Must UNIX be a memory hog?
Fuat C. Baran
fuat at cunixc.cc.columbia.edu
Tue May 23 03:21:53 AEST 1989
In article <31529 at bu-cs.BU.EDU> bzs at bu-cs.BU.EDU (Barry Shein) writes:
>Actually, although humorous, I wonder about the legal implications of
>that /bin/true which contains nothing but a copyright notice (and
>perhaps one blank line.)
>
>One could make an argument that AT&T ran around blindly copyrighting
>everything in sight without being bothered to so much as inventory its
>copyright value or verify that there were any contents to which their
>copyrights could lay claim to or be properly assigned.
Are all UNIX files individually copyrighted, or is UNIX as a whole (or
by suitably large product chunks) protected by copyright? Some of the
files (e.g the sources to /bin/true, /bin/false), etc. are obviously
trivial, and on there own would not merit a copyright notice, but as
part of UNIX as a whole they probably got the copyright notice, just
to make sure every file associated with the copyright was marked.

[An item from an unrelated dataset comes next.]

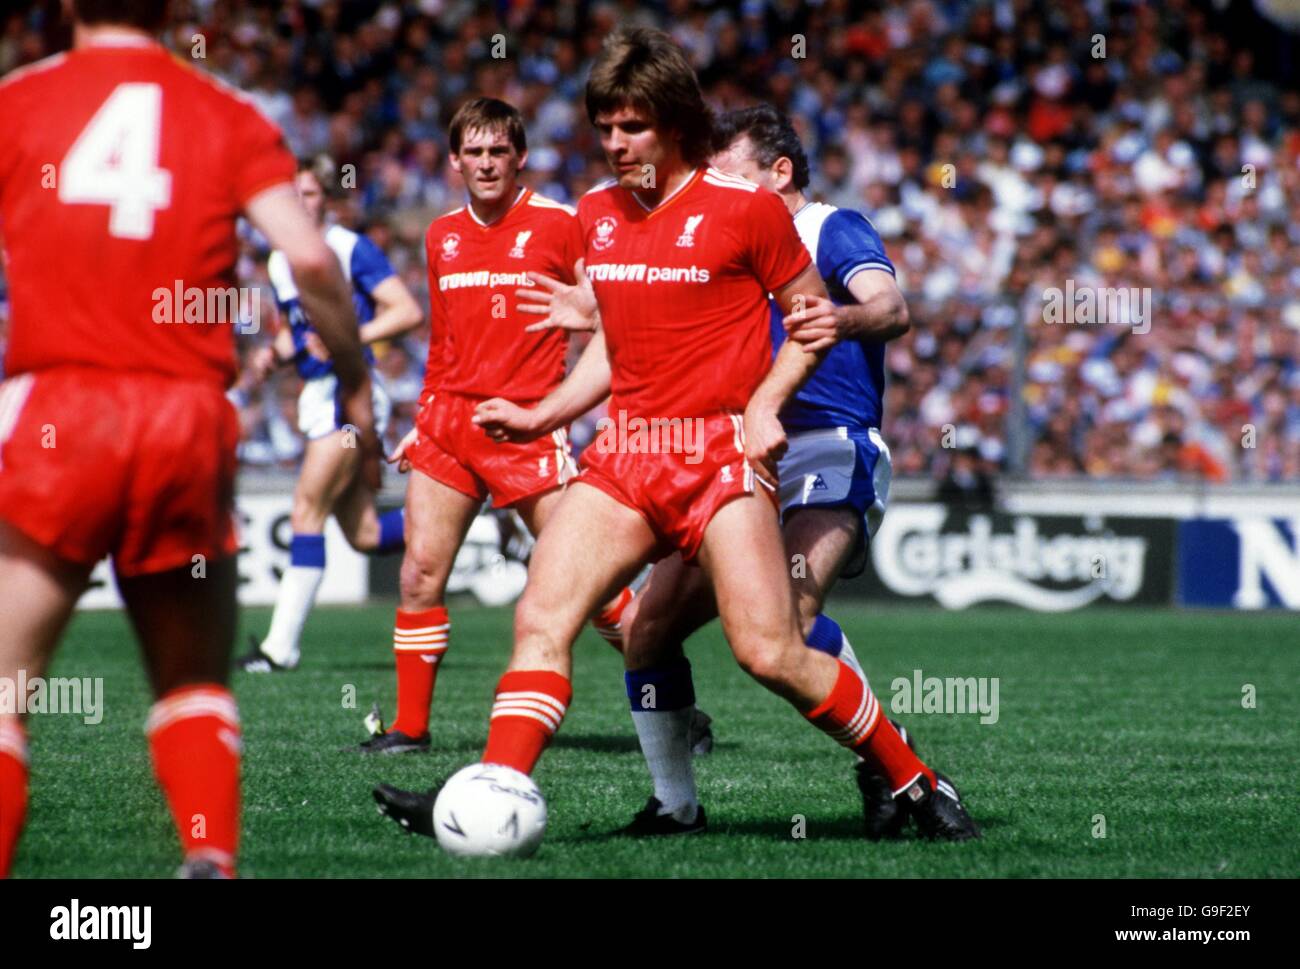 Football - finale de la coupe FA - Everton contre Liverpool.Jan Molby (l), de Liverpool, protège le ballon contre Peter Reid (r), d'Everton. Banque D'Images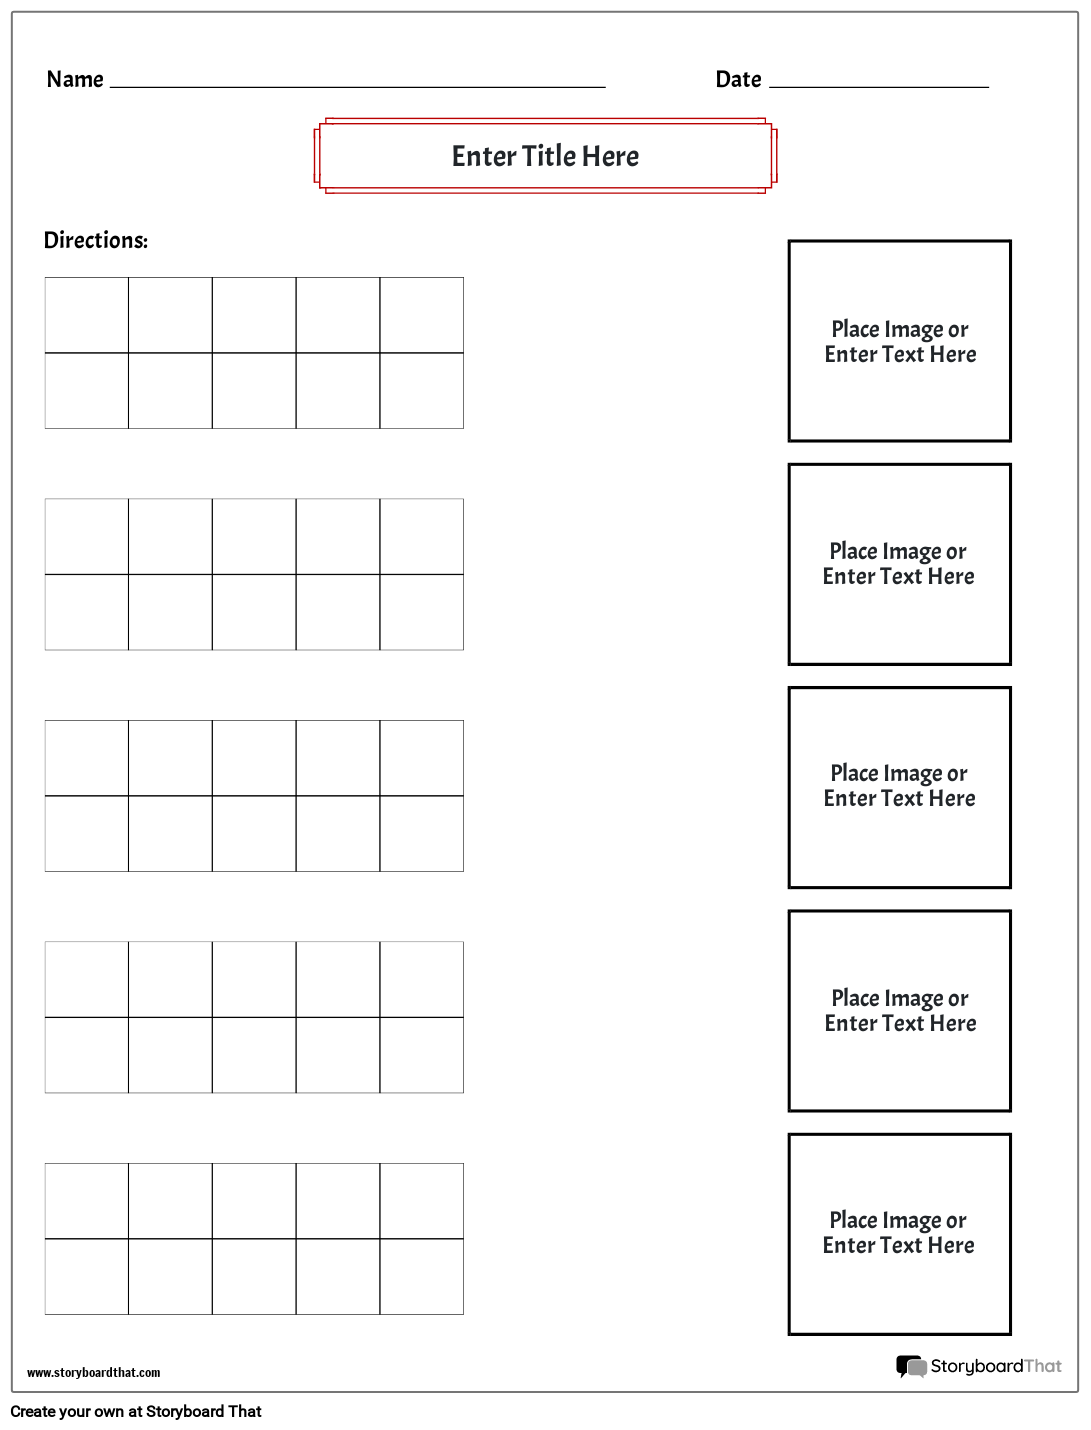 matching-7-storyboard-worksheet-templates

>I would be interested in any case law which dealt with frivolous use
>of the copyright law who's only purpose was to restrain trade rather
>than protect a creative work (eg. someone trying to copyright a blank
>book and lay claim to the concept of a blank book, as opposed to the
>design of a particular blank book.)
I don't think slapping a copyright notice (or registering a copyright)
on /bin/true (along with all the other sources to the kernel and
utilities) is frivolous use of the copyright law. Attempting to sue
for copyright infringement based solely on someone else's sources to
/bin/true being similar to AT&T's WOULD be frivolous, and would
probably get thrown out of court.
--Fuat
--
INTERNET: fuat at columbia.edu U.S. MAIL: Columbia University
BITNET: fuat at cunixc.cc.columbia.edu Center for Computing Activities
USENET: ...!rutgers!columbia!cunixc!fuat 712 Watson Labs, 612 W115th St.